ニュージーランド・クライストチャーチを襲ったM6.3の地震は、市街の中心部を壊滅状態にした。古い教会は多くがレンガ造りだったため崩壊、一般家屋でもカベが落ち、屋根がつぶれて原型をとどめていない。
現地に奥平邦彦・取材キャスターが入り被災の様子を伝えた。市の中心部は建物崩壊の恐れから立ち入りが規制されていて、奥平のレポートもかなり離れたところから。日本の国際緊急援助隊が到着したが、その活動の様子を見守ることもできないようだ。
語学学校「キングズ・エデュケーション」が入っていた6階建てのビルにはまだ100人が閉じ込められているという。研修中だった生徒たちは、4階のカフェテリアで昼食中だった。床が抜け、落ちていくとき天井が迫ってくるのが見えたと救出された人たちは言う。よく助かったものだ。きのう朝(2011年2月23日)に救出された奥田建人さん(19)は、はさまれていた右足の膝下を切断せざるをえなかった。本人は「仕方がない」というが、がれきの中で研修生たちが互いに励ましあっていた様子を冷静に話した。
これまでに、富山国際語学学校の13人が救出されたが、なお同校の10人が不明。この他にも、金沢、奈良などからの研修生がいたことがわかり、日本人だけでも27人が不明だ。
地盤も新しく脆弱
それにしても、レンガ造りが部分的に形を保っているというのに、なぜ近代建築のビルが全壊したのか。写真をもとに専門家は、1960年代の建物でコンクリートに鉄筋が入っていない、柱の数が少ないなどを指摘した。このため、エレベーターのコアがある壁面の強度とのバランスがとれず、振り回されるように倒壊したのではという。地盤が3メートルほど沈んだという情報もある。
クライストチャーチは語学研修に人気の町だった。ガーデンシティーを呼ばれる美しい町で、人々もやさしく物価も安い。3か月未満ならビザもいらないため、若い人だけでなく、定年後の人たちも多いという。
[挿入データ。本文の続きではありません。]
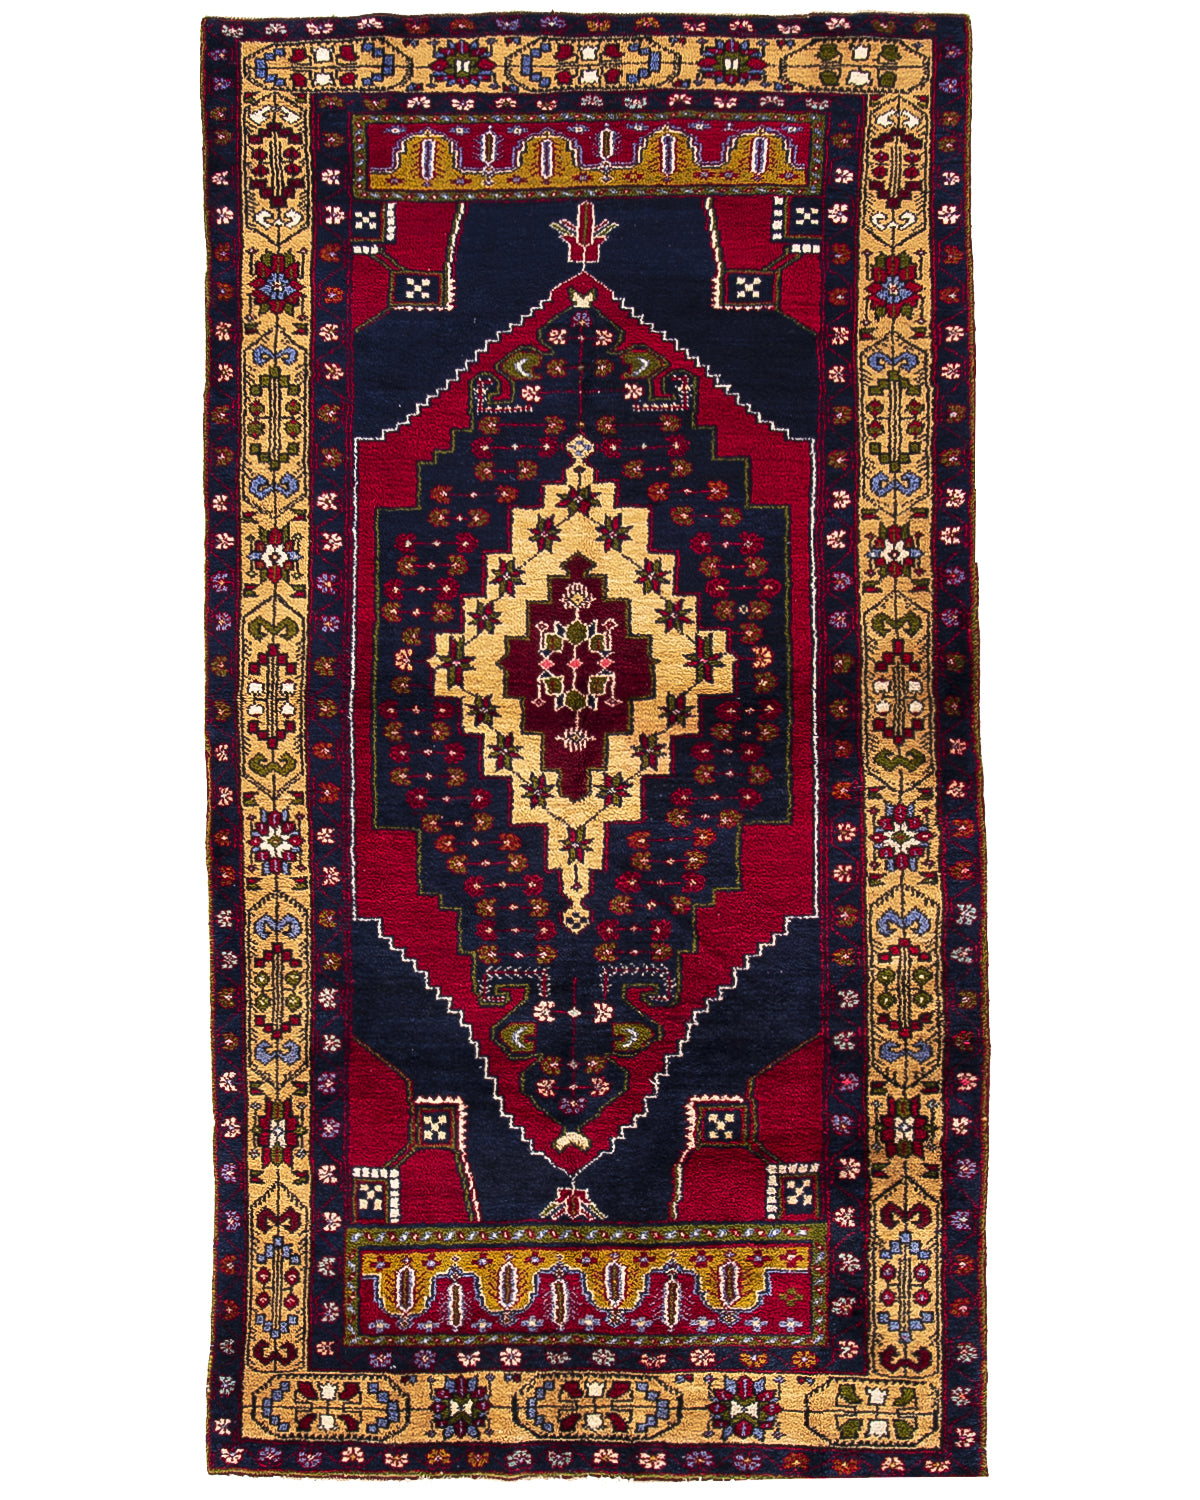 Oriental Rug Anatolian Hand Knotted Wool On Wool 145 X 272 Cm - 4' 10'' X 9' Navy Blue C012 ER12

ただ、地盤は弱かったようだ。昨年9月の地震の調査をした東大生産技術研の清田隆准教授は、「海に近く新しい時代の地盤。今回は震源が数キロ、深さ5キロと近かったために、表面のゆれが大きくなった」という。
司会のみのもんたは「東京なんかも液状化が心配されるんでしょ?」
今回の揺れは先の新潟地震と同じくらいともいうが、清田氏は「問題は耐震性で、日本の場合は火災の懸念も大きい」と話す。
発生からすでに丸2日が過ぎた。緊急援助隊が持ち込んだ最新機器が活躍することを祈るばかりだ。